Com estreia no Brasil prevista para o início do ano que vem, o longa-metragem é baseado na biografia “Enzo Ferrari: The Man and the Machine”, escrito pelo americano Brock Yates e publicado em 1991. Daqui também foi extraída a crise pessoal que Ferrari enfrentava em 1957.

O casamento com Laura Dominica Garello (Penélope Cruz), parceira de Ferrari nos negócios, desmoronava – principalmente depois da morte do filho do casal. E para piorar, Ferrari tinha um filho, Piero Lardi Ferrari (hoje o vice-presidente da empresa, com 78 anos), com a amante, Lina Lardi (Shailene Woodley), um fato que a esposa até então desconhecia.

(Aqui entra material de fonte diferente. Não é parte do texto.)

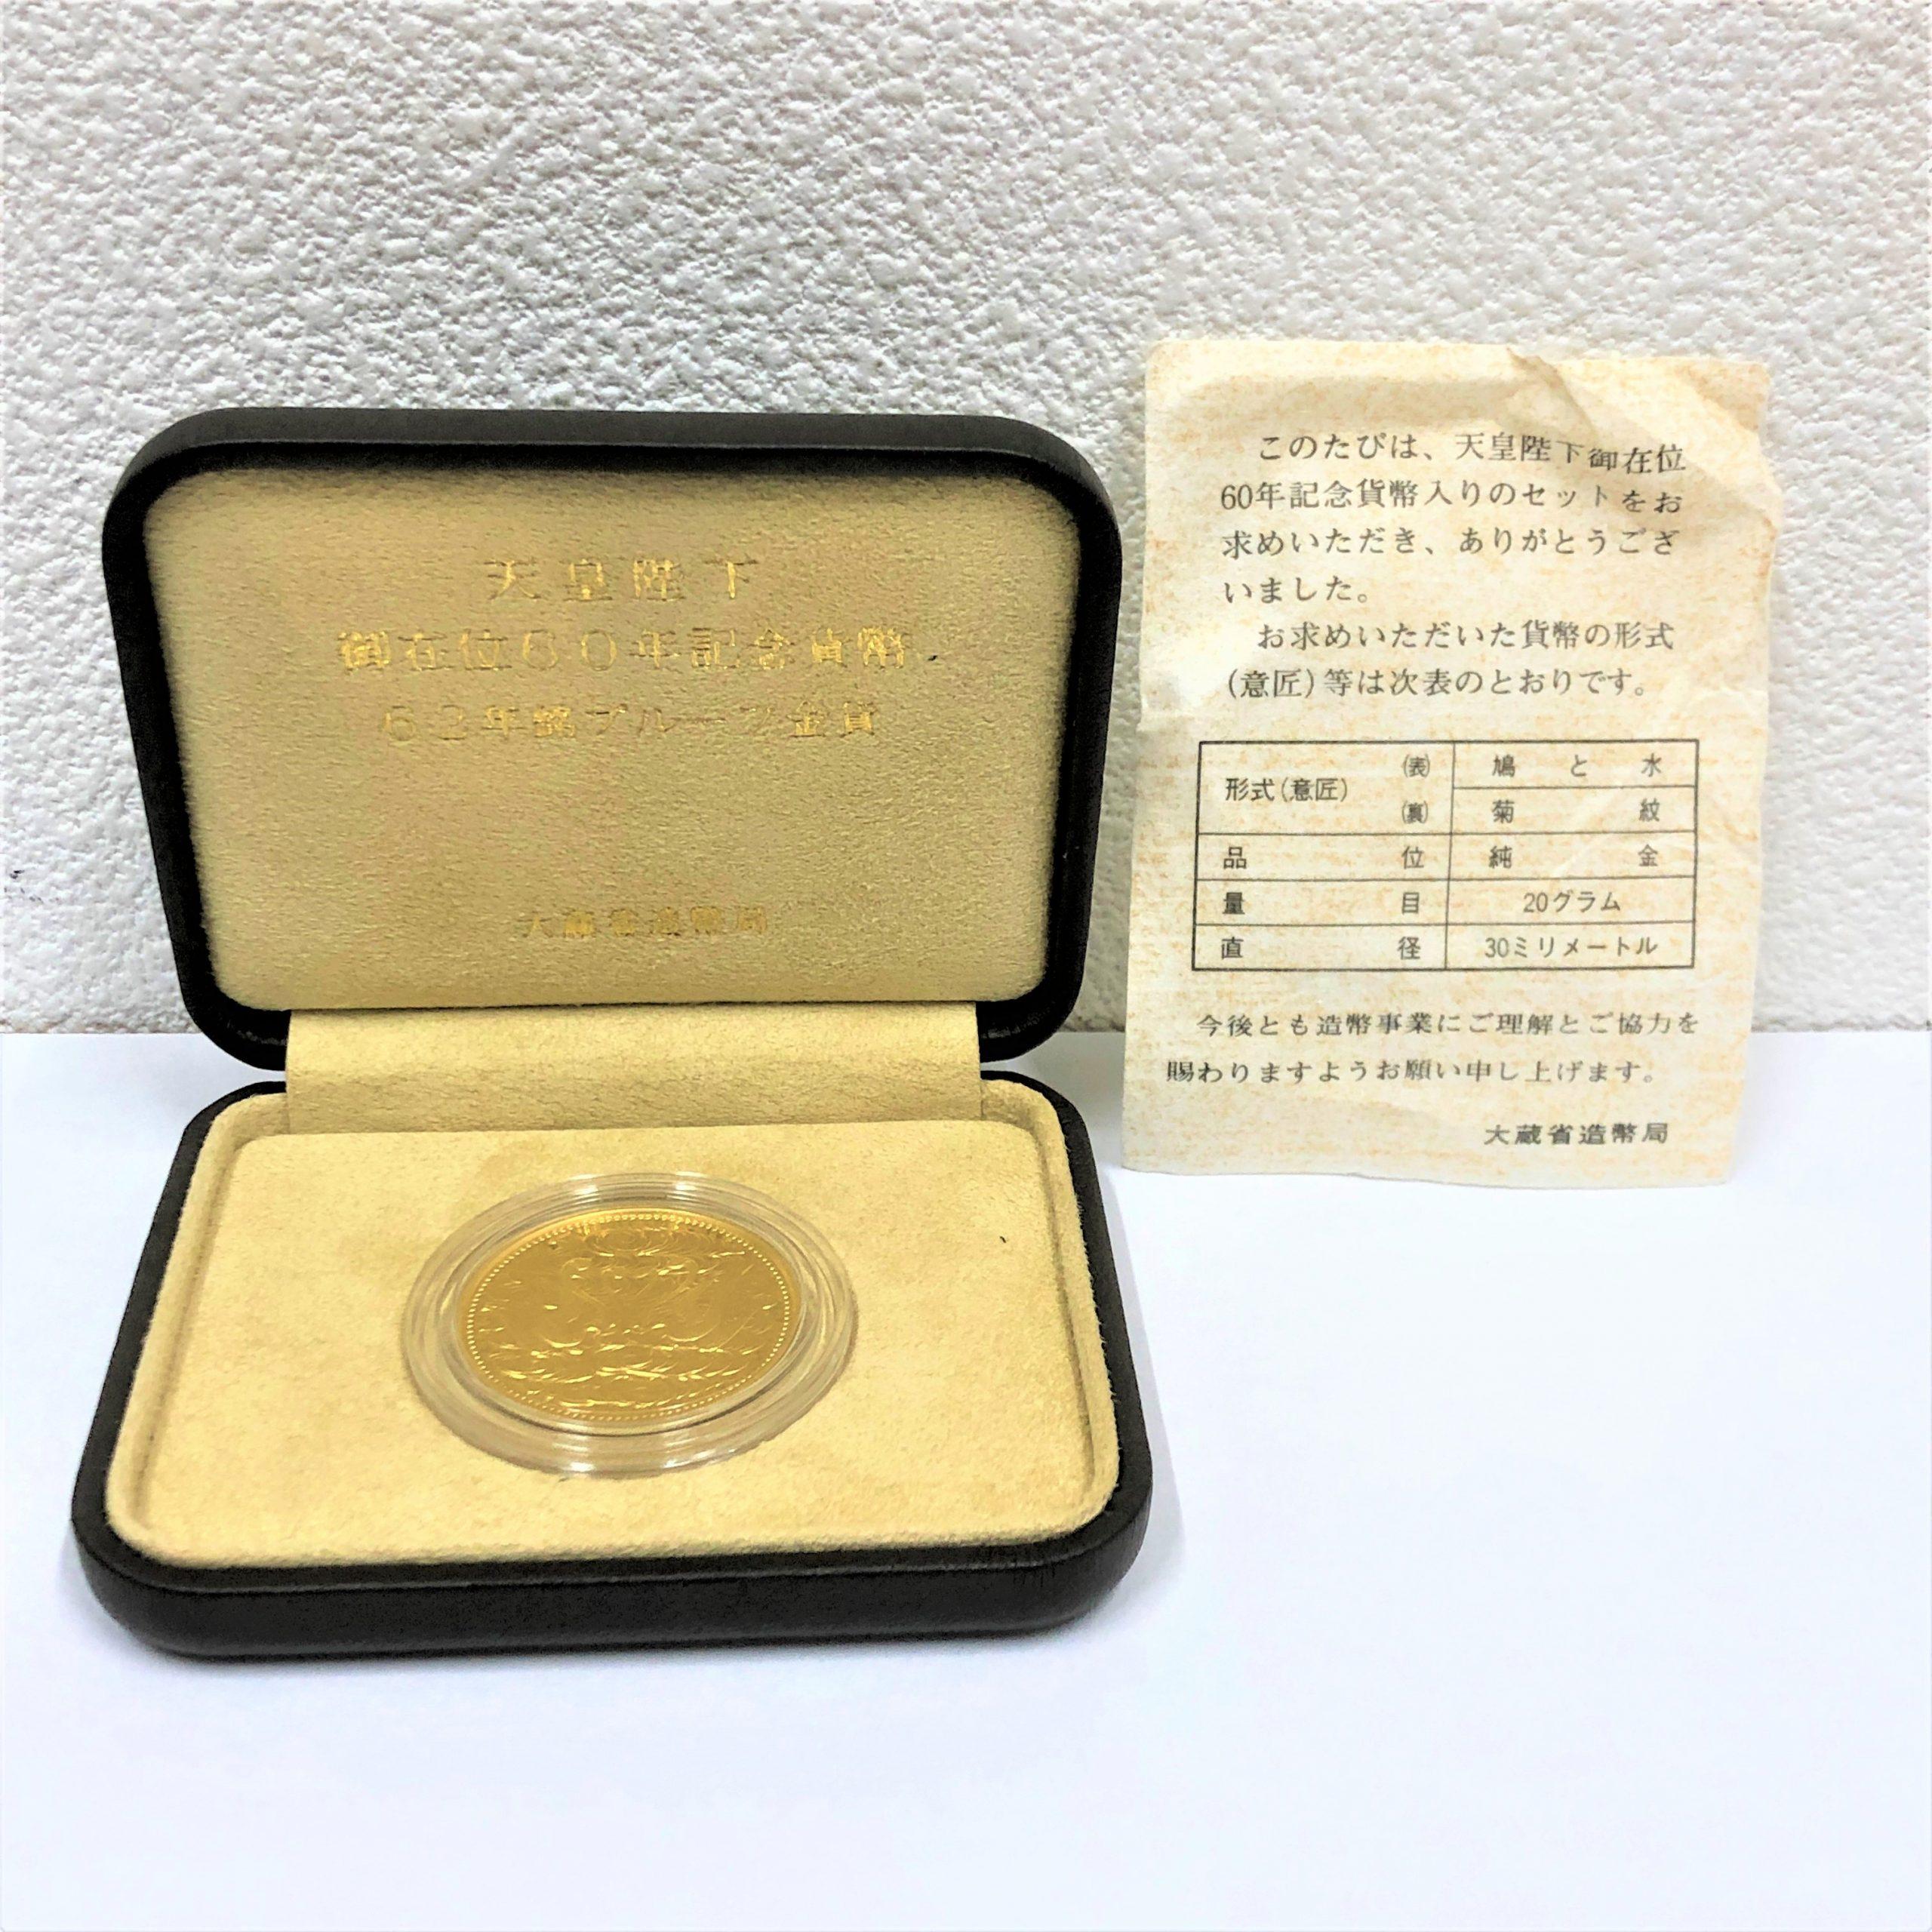 天皇陛下御在位60年記念10万円金貨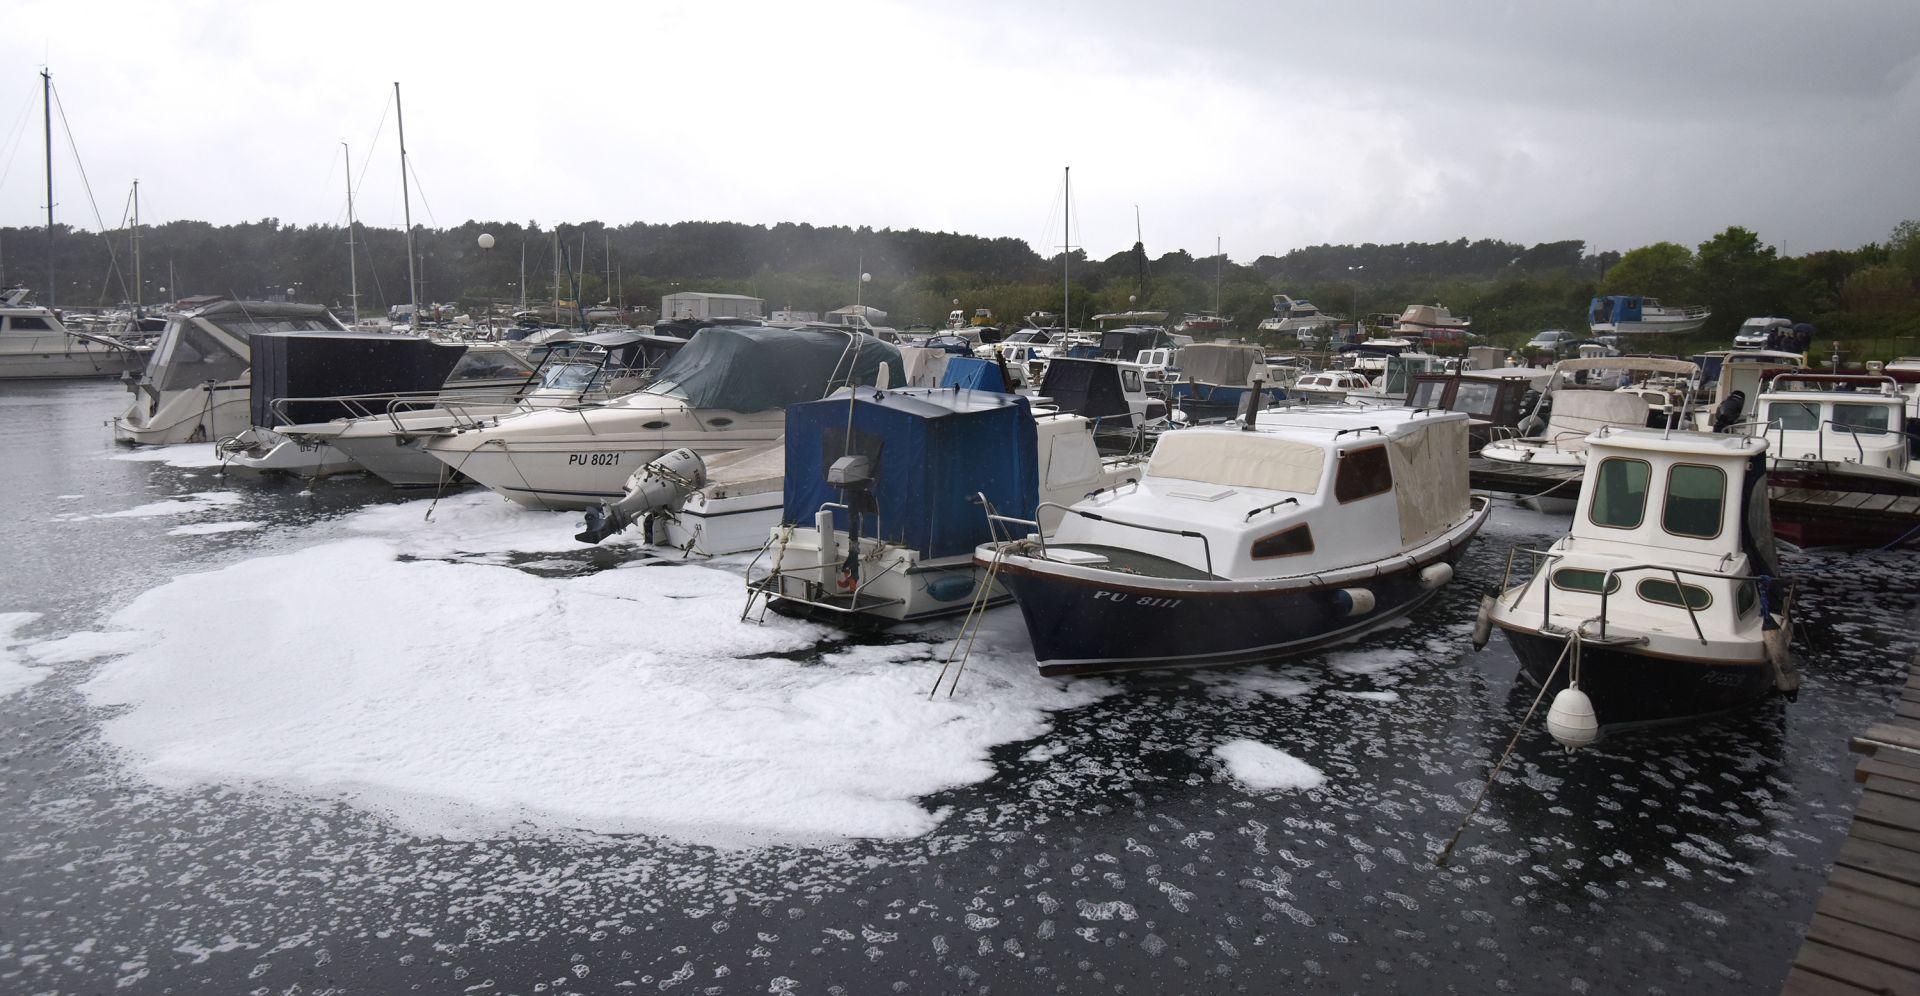 Pula: Četiri plovila izgorjela u požaru, nema ozlijeđenih

“Naquele ano, houve uma colisão de conflitos na vida de Enzo Ferrari. A empresa estava falindo, ele tinha perdido o filho e casamento com Laura chegava ao fim. E o futuro (tanto da família Ferrari quanto da companhia) dependia desse momento”, contou o diretor Michael Mann, em Veneza, ao justificar o recorte de tempo escolhido para a produção.

“Sua história é profundamente humana. E, quando você encontra um personagem tão dinâmico e operístico quanto ele, quanto mais específica a abordagem e quanto mais fundo você mergulha, mais universal a sua história se torna”, completou Mann, em encontro com a imprensa do qual NeoFeed participou.

E os desastres, que eram ainda mais comuns no automobilismo daquela época, ainda acrescentam mais drama ao roteiro. Há cenas em que os pilotos escrevem cartas de despedida às namoradas e aos familiares, na noite anterior à corrida – mostrando que a fatalidade nas pistas era quase algo corriqueiro.

Duas sequências impressionam pelo realismo na reconstrução. Em uma delas, o piloto Alfonso de Portago (interpretado pelo brasileiro Gabriel Leone) nem se incomoda em conseguir uma vaga na Ferrari ao assistir à morte de seu antecessor em um teste.

E, mais tarde, o próprio Portago vai se deparar com a morte na tal corrida Mille Miglia, a que representava a esperança de recuperação da Ferrari, que tinha cinco competidores.

Ainda que a prova tenha sido marcada pela tragédia, com a morte de um piloto, um navegador e nove espectadores, incluindo cinco crianças (assim que o pneu de uma Ferrari 335 S estourou na estrada perto da cidadezinha de Guidizzolo), a escuderia conquistou o podium, com a vitória de Piero Taruffi (vivido por Patrick Dempsey).

Mas o fundador da Ferrari só conseguiu comemorar o feito (e a concretização de seu plano comercial) mais tarde. Só depois de a empresa ser isentada da responsabilidade do acidente.

O problema não foi a qualidade do pneu, conforme a suspeita inicial. E sim de um objeto pontudo que foi parar na pista de rua e o furou, fazendo o piloto perder o controle do carro em alta velocidade e voar por cima do público.